Anyone have a mini beer or two they are willing to part with?  It has been a long time since I last found one.  HELP.  

Pictured Left to Right:
1) Conrad Seipp Br'g Co. - Illinois
2) Rainier Beer - Washington
3) Indianapolis Brewing Co. - Indiana
4) The Indianapolis Brewing Co - Indiana (a mini crown top)
5) Muskegon Brewing Co. - Michigan
6) Ballentine Export Beer - New Jersey
7) P. Schoenhofen Brewing Co. - Illinois
8) Grand Rapids Brewing Co. - Michigan (private mold)
9) Grand Rapids Brewing Co. - Michigan (plate mold)
10) Seattle Brewing & Malting Co. - Washington


----------



## mtfdfire22 (Oct 3, 2012)

are these all 7 oz. beers? or splits as some call them? i have many many different ones if they are splits.

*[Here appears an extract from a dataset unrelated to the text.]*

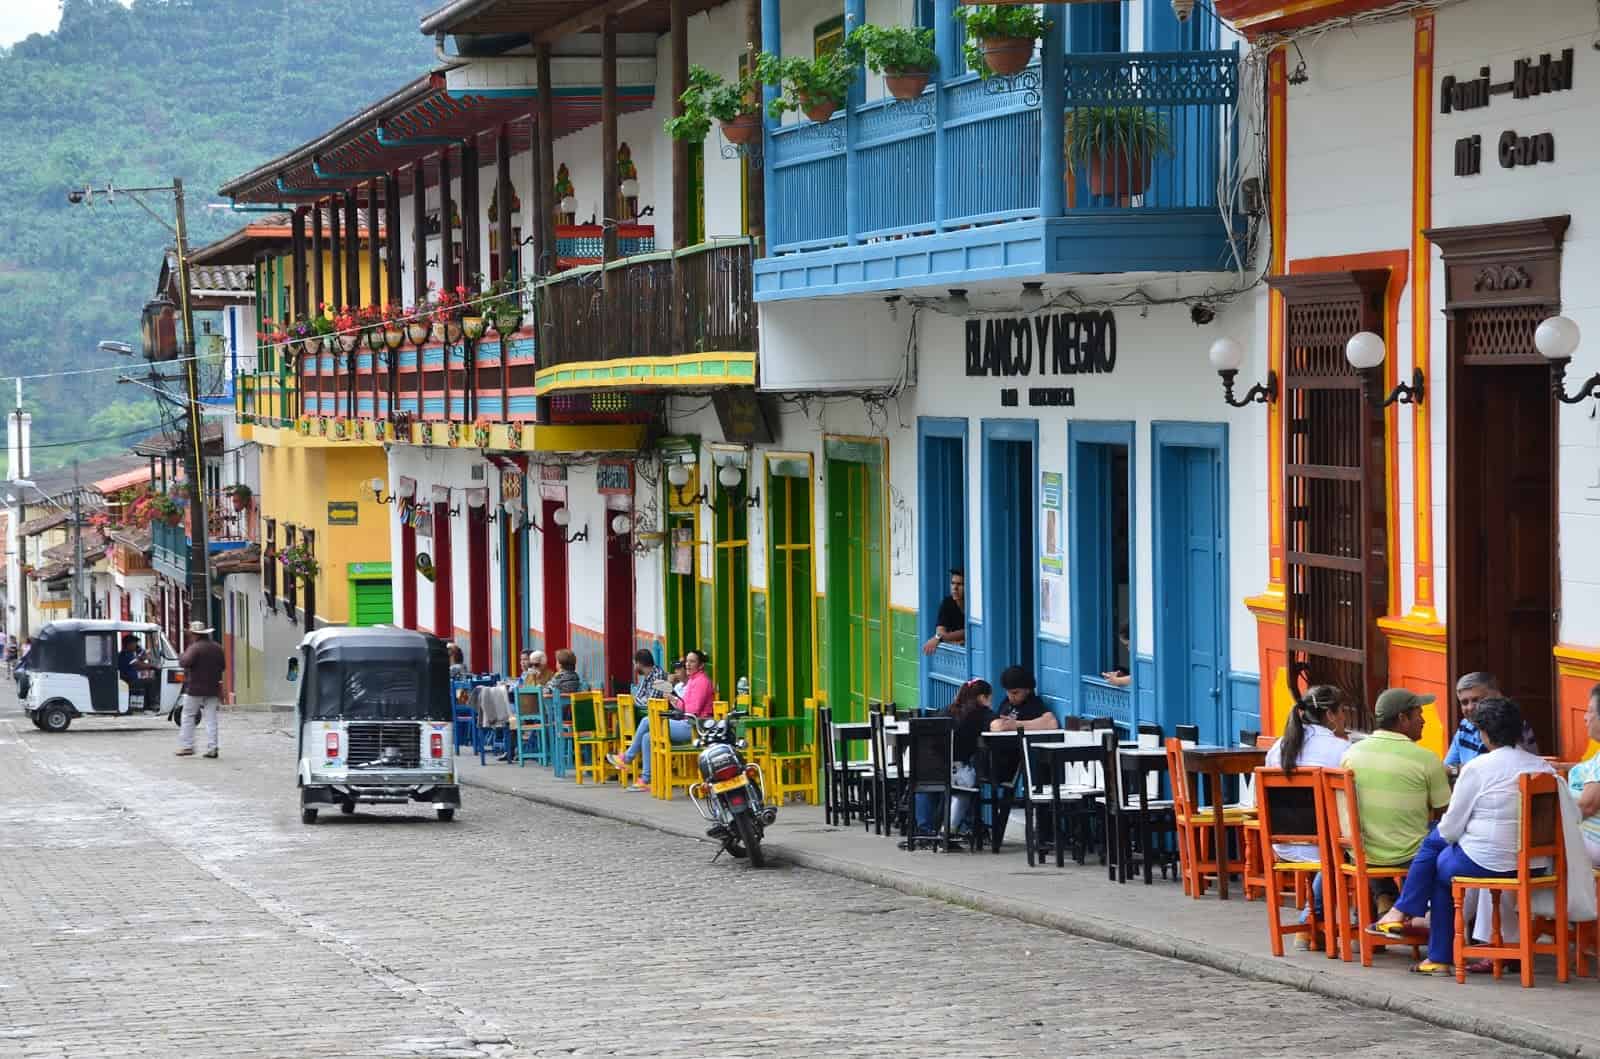 Buildings along the plaza in Jardín, Antioquia, Colombia

 this one i recently sold. its next to a small hutch. super nice one of a kind kolb bottle i dug. super premium bottle


----------



## UncleBruce (Oct 3, 2012)

Thanks for posting Nic.  I love that Kolb bottle.  May I add it to the web library?  Do you recall the height of the beer?  If you ever run across another I would be most interested.  The bottles in the initial post are all under 6".  I actually collect all sizes just been awhile since I added a mini.  What do you collect Nic?


----------



## mtfdfire22 (Oct 3, 2012)

i collect quart blob beers and quart hutches from saginaw and bay city michigan. basically anything without a crown top. their is an amber variation of that little kolb as well. i think it was between 6 1/2 and 7" and you are more than welcome to post the bottle on your site. i have several more with the words brewery, brewing and or bottling works on them which i can send you.


----------



## mtfdfire22 (Oct 3, 2012)

this is another you may add. quart blob. super nice bottle as most of the say J.G. SCHEMM BREWING COMPANY this one is J.G. SCHEMMS BOTTLING WORKS.
 I will get you an idea of what else i have in the split size and send you photos if you would like.


----------



## UncleBruce (Oct 3, 2012)

I don't list BOTTLING companies unless they reference the BEER BREWERY BREWING etc.  I do thank for the Saltzburg it is no listed.  http://www.brucemobley.com/beerbottlelibrary/mi/baycity/kolb.htm

 If you have any other beers I could add to the library I sure would like to know about them.  Thanks again for your help.


----------



## mtfdfire22 (Oct 4, 2012)

do you have anything in quart size from bay city or saginaw michigan that you would trade? i have many but not all of them.


----------



## antlerman23 (Oct 16, 2012)

sample size duffy malt whiskey: http://www.ebay.com/itm/DUFFY-MALT-WHISKEY-CO-SAMPLE-BOTTLE-ROCHESTER-N-Y-/350621135435?pt=LH_DefaultDomain_0&hash=item51a2a5f24b


----------



## UncleBruce (Nov 1, 2020)

Since my original post that took place October 2013 I have added only one mini embossed beer to my collection.  There are more out there and I am always looking so if you have one you are willing to part with let me know.
Here is the example that broke my dry spell.  It was silver picked off FeeBay back in December 2019.
*JOHN WIELAND'S // EXPORT BEER // S.F.* It is about 5-5/8" tall.


----------



## CanadianBottles (Nov 1, 2020)

These are really cool!  I didn't know they made sample size beer bottles.  I've never seen one before, I wonder if we got any up here in Canada.


----------



## UncleBruce (Nov 1, 2020)

CanadianBottles said:


> These are really cool!  I didn't know they made sample size beer bottles.  I've never seen one before, I wonder if we got any up here in Canada.


We can only hope...


----------